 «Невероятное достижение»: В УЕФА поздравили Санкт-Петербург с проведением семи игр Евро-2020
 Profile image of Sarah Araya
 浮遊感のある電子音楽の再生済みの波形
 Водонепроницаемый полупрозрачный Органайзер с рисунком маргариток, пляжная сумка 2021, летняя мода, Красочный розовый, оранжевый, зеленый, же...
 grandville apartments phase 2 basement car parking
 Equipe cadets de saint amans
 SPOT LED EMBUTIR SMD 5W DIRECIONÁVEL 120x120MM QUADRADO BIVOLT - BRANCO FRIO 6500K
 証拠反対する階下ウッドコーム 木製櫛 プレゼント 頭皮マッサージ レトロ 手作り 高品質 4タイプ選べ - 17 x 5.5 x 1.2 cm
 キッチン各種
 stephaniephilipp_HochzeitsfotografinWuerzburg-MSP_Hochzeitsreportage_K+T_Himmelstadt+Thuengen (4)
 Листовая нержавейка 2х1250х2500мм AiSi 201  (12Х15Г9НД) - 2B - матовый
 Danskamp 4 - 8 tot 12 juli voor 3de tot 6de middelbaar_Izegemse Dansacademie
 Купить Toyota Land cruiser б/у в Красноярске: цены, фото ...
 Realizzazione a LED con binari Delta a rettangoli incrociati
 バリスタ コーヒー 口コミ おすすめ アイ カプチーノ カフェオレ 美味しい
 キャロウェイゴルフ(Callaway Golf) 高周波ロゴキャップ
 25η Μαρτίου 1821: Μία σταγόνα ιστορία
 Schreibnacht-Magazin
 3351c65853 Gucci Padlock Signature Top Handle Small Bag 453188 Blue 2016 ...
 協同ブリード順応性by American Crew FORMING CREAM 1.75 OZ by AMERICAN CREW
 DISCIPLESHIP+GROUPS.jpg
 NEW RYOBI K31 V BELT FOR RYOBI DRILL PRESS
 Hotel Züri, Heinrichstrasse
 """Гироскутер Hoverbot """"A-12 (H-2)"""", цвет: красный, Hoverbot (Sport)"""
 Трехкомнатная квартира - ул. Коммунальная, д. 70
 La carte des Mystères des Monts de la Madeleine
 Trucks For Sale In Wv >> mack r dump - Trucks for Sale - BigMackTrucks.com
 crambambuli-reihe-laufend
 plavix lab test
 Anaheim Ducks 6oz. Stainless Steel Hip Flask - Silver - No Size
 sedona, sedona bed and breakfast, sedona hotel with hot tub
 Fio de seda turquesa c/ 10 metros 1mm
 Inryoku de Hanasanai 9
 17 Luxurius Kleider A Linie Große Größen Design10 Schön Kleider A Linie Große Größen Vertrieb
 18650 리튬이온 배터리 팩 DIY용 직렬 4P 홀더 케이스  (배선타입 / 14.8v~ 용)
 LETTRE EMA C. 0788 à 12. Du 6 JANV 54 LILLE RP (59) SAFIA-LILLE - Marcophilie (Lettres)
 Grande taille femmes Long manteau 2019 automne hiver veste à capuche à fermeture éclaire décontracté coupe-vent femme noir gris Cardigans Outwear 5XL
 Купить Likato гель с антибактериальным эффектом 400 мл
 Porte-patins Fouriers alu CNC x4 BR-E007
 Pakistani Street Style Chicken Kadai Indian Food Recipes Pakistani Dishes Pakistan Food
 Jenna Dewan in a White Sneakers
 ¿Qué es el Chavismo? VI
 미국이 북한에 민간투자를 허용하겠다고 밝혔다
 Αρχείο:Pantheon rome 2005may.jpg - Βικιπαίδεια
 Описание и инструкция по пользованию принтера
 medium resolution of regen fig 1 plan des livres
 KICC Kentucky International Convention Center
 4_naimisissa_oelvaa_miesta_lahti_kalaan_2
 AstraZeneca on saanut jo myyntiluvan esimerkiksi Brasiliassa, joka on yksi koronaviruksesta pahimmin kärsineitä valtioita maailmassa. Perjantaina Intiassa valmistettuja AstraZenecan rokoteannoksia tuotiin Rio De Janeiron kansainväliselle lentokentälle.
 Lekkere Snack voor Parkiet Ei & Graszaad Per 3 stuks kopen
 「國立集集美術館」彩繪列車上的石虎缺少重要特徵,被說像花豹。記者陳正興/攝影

---

» Task requirements:
In the listing above, find the line with "Anaheim Ducks 6oz." and the line with "Porte-patins Fouriers alu CNC x4 BR-E007", then reproduce both and every line between them exactly.

» Answer to this task:
 Anaheim Ducks 6oz. Stainless Steel Hip Flask - Silver - No Size
 sedona, sedona bed and breakfast, sedona hotel with hot tub
 Fio de seda turquesa c/ 10 metros 1mm
 Inryoku de Hanasanai 9
 17 Luxurius Kleider A Linie Große Größen Design10 Schön Kleider A Linie Große Größen Vertrieb
 18650 리튬이온 배터리 팩 DIY용 직렬 4P 홀더 케이스  (배선타입 / 14.8v~ 용)
 LETTRE EMA C. 0788 à 12. Du 6 JANV 54 LILLE RP (59) SAFIA-LILLE - Marcophilie (Lettres)
 Grande taille femmes Long manteau 2019 automne hiver veste à capuche à fermeture éclaire décontracté coupe-vent femme noir gris Cardigans Outwear 5XL
 Купить Likato гель с антибактериальным эффектом 400 мл
 Porte-patins Fouriers alu CNC x4 BR-E007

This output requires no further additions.